We've gotten two submissions to the amber-spec-comments list.

1.  "Forcing a pattern match", at: 
http://mail.openjdk.java.net/pipermail/amber-spec-comments/2017-November/000000.html

2.  "Named parameters in data classes", at: 
http://mail.openjdk.java.net/pipermail/amber-spec-comments/2017-November/000003.html


I think the first asks for an alternate form of the "matches" operator 
which would fail with a CCE, rather than evaluating to false, if the 
match fails.  This would be essentially saying, "This should match; if 
it doesn't, that's an error."  I think that's what's being asked, but 
then he talks about an "unnecessary instanceof check", which makes me 
wonder whether this is really just about optimization.

To be clear, the instanceof check is neither expensive nor unnecessary.  
(Though we can optimize these away when we know the static type of the 
target; if x is a Foo, then "x matches Foo f" can be statically 
strength-reduced to "x != null".)

Note that the "if member.getKind() == VARIABLE" is merely a manual 
optimization; you could easily leave that out and just match against 
VariableTree.  What we'd rather focus on is how to get to:

     switch (member) {
         case BlockTree bt: ...
         case VariableTree vt: ...
     }

while allowing the pattern to capture the quicker pre-test (kind == 
BLOCK) and maintain the performance without making the user worry about 
this.  We have some ideas here, but I don't think this "forcing" idea 
really offers a lot.


The second (named parameters) was a question I was expecting.

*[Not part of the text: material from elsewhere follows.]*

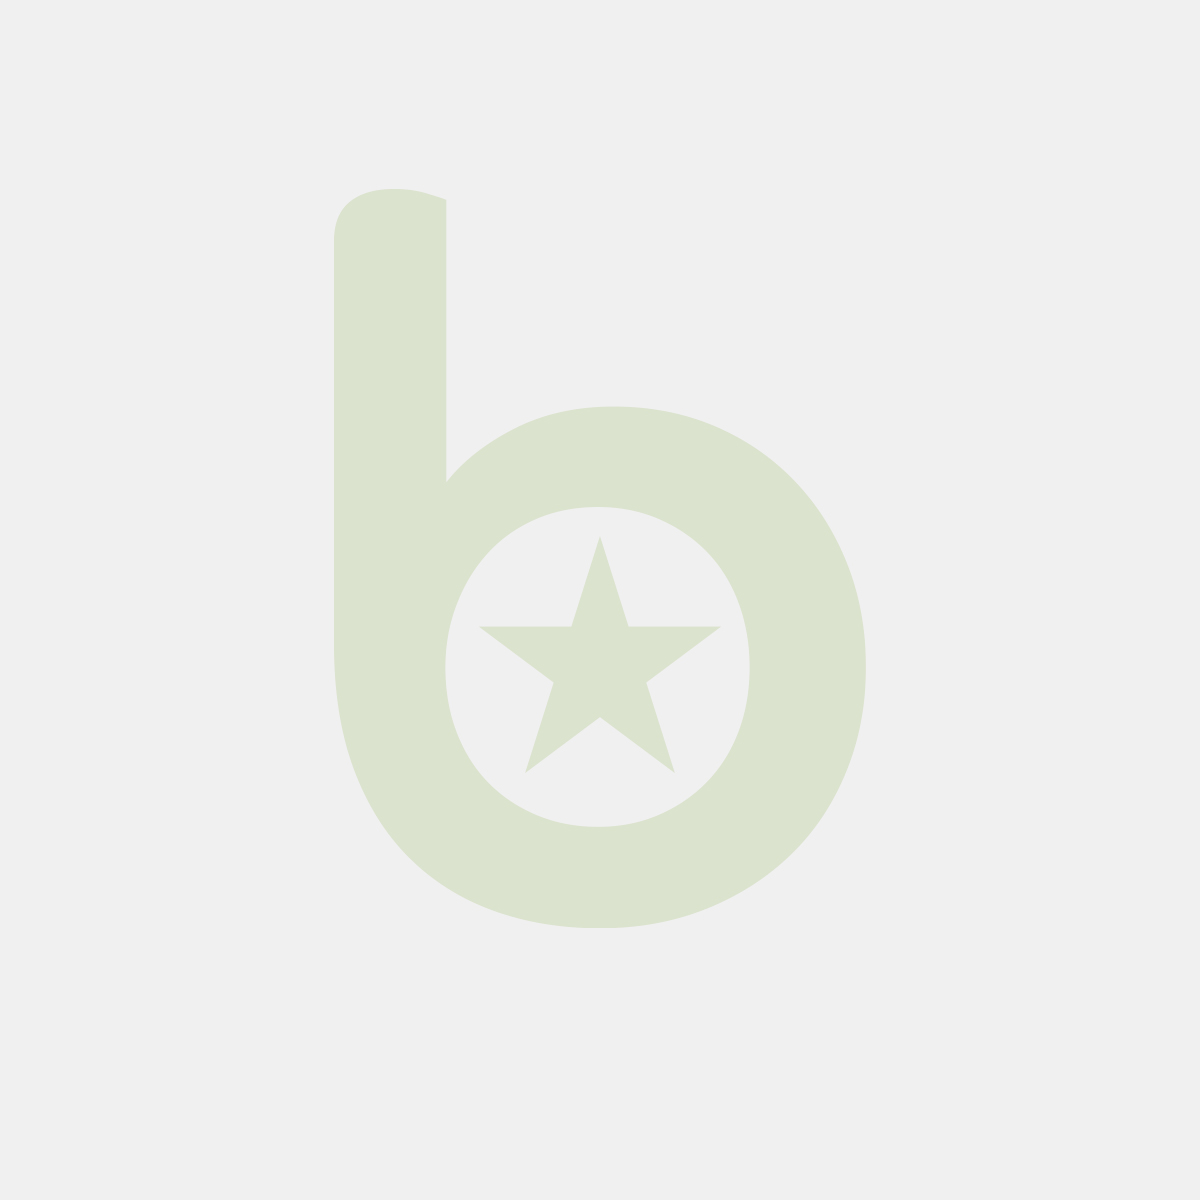 Pokrywka PET do tacki brązowej 850ml op. 20 szt

I agree that being able to invoke constructors and methods by name can 
sometimes result in easier-to-read code, especially when some parameters 
have a sensible default value.  (This is also a more complicated feature 
than anyone gives it credit for, so it's not the "gimme" it is often 
assumed to be.)

However, data classes is not the place to cram in this feature; this 
should be a feature that stands on its own, and applies to all classes, 
data- or not.  One of the design goals for data classes is that a data 
class should be essentially a "macro" for a class you could write by 
hand; this allows easy migration from existing classes to data classes 
(if they meet the requirements) and from data classes to full classes if 
they expand to no longer fit the data class profile.  The more that 
*uses* of data classes or their members are different from the 
corresponding use of regular classes, the more difficult this migration 
becomes.  (This is not unlike the design mandate with default methods; 
from the client perspective, they're just ordinary virtual methods, and 
you can't tell whether the method was implemented directly or inherited 
-- they're just methods.)

So, while named parameters are a reasonable feature to explore, trying 
to staple them onto data classes would be a mistake.  They are their own 
feature.  We're open to exploring it, but we've got our plate full for now.